The story he was going to tell started when he was very young, living at home with his mother and father as he couldn’t really afford to live anywhere else. He got on with his parents, there were no difficulties there, but he moved away for two reasons: it wasn’t ‘grown-up’ to live at home and, besides that, he was engaged. At twenty-one he was engaged. But he wouldn’t tell any of that. He wouldn’t talk about the sexual revolution which was coming but hadn’t yet arrived, and how it was out of the question for his parents to let Alison stay the night. Even when he had found himself a room with a Baby Belling stove and use of the bathroom down the passage, he couldn’t have had Alison to stay the night. Her parents would have expected her home by eleven at the latest. His landlady would have turned her out and him too probably. There would have been gossip.
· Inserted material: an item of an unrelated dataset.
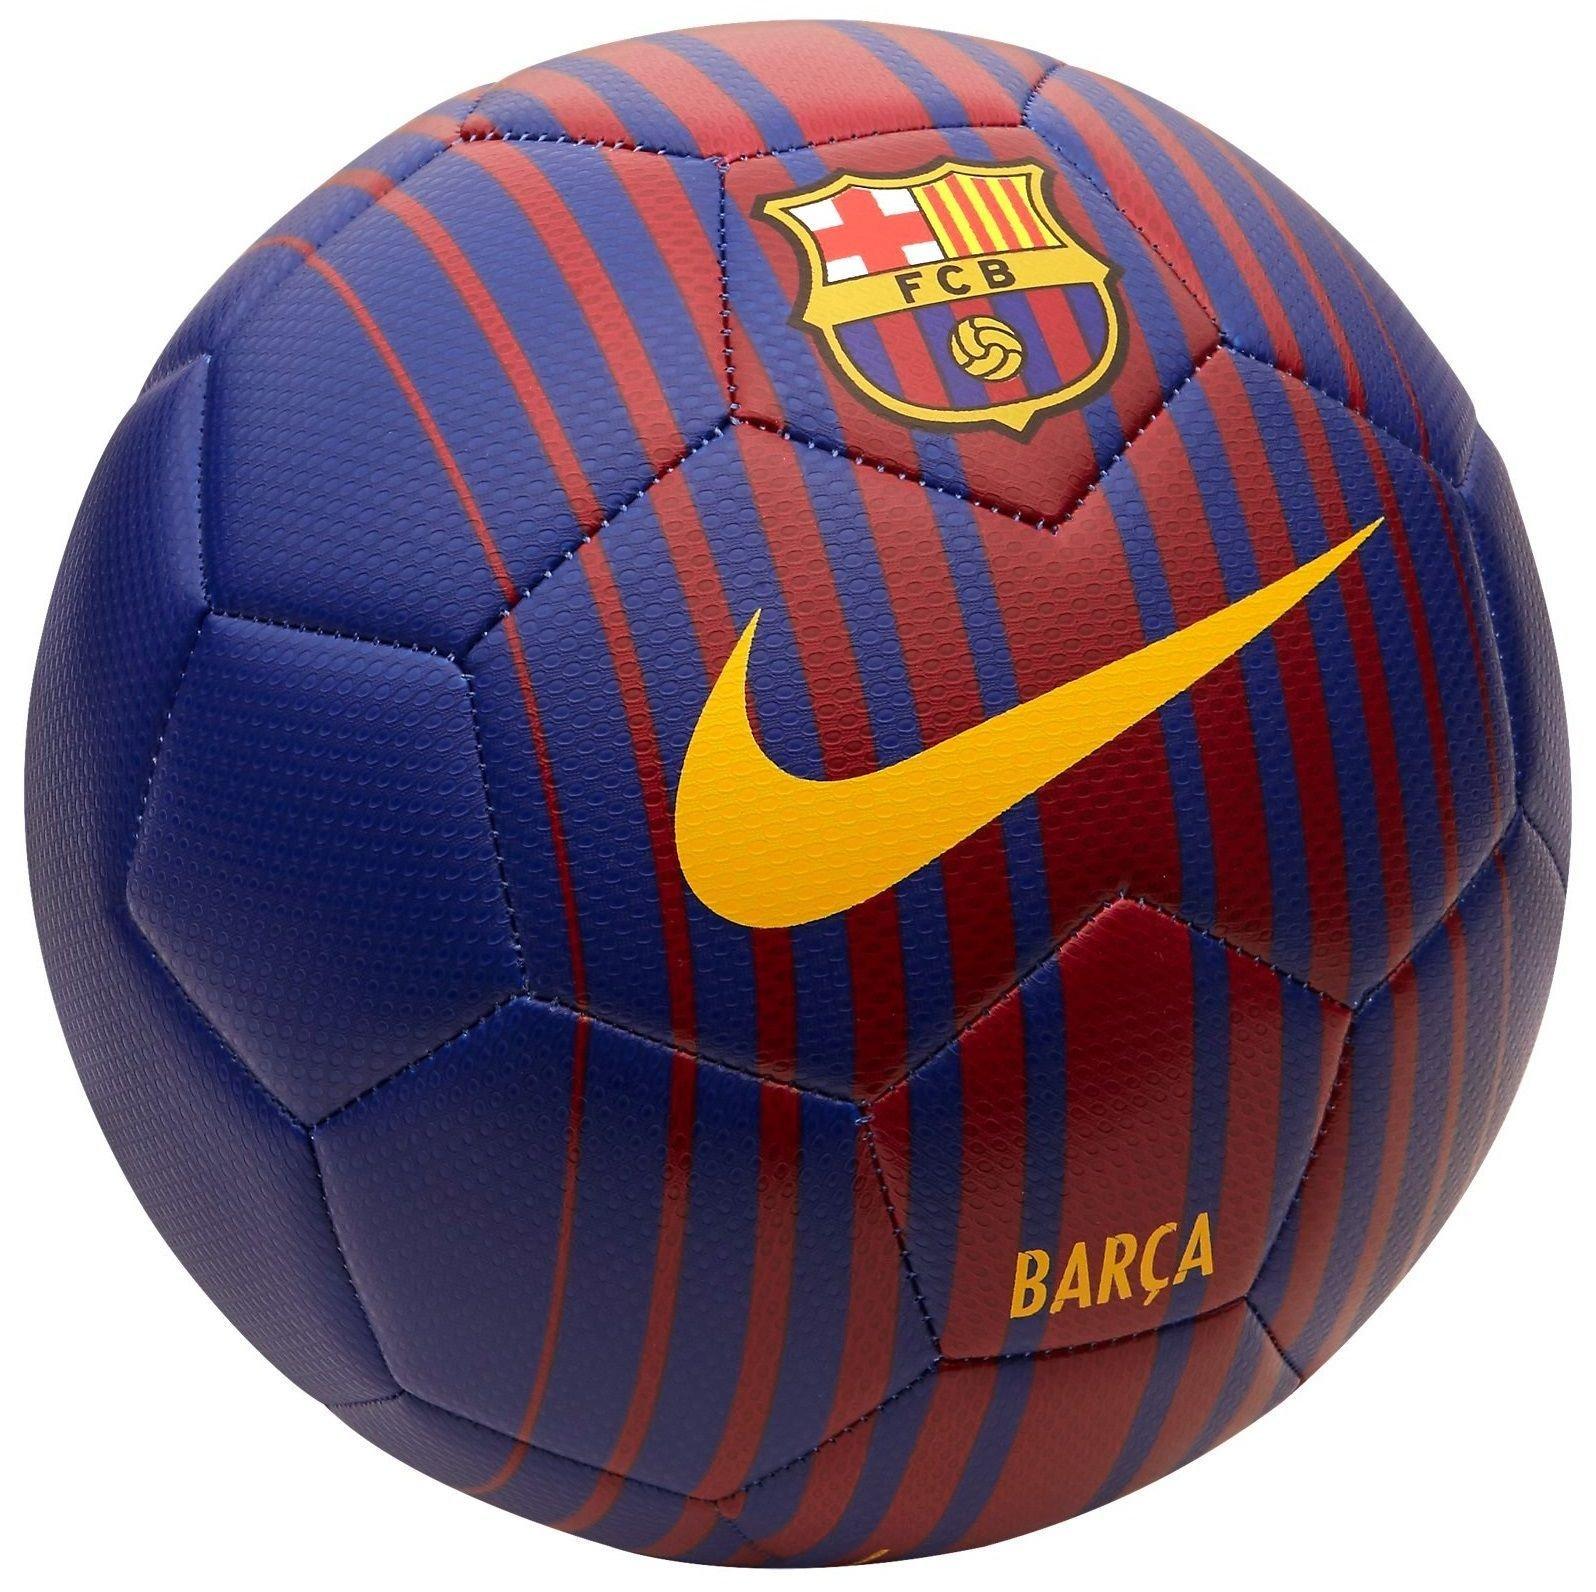 Картинки по запросу Футбольные мячи

Girls still had a reputation to keep, girls still knew what the word meant and if they tried to forget it were still told by their fathers – never dads in those days – what would become of them if they lost it.

But he and Alison had their evenings. Mrs Brunton, his landlady, was one of those who believed that sexual intercourse only ever took place after ten at night. He was young and probably thought the way magazines were beginning to say men thought, that is about sex every six minutes. He had known Alison since they were sixteen and he liked the sex but not as much as he had thought he would. There must be more to it or what were all these people on about?

He tried not to think about it. He was engaged, and he had old-fashioned ideas about engagements. Not that he was quite back in the days when defaulting men got sued for breach of promise but still he would have thought it dishonourable for the man to break an engagement when the woman obviously wanted to keep it. Or did she? She said she loved him. He tried not to think about it but to think about his work instead.

And it was about that work that he would talk to Burden. The inspector waited, watching him and helping himself to the nuts Wexford was not allowed to eat.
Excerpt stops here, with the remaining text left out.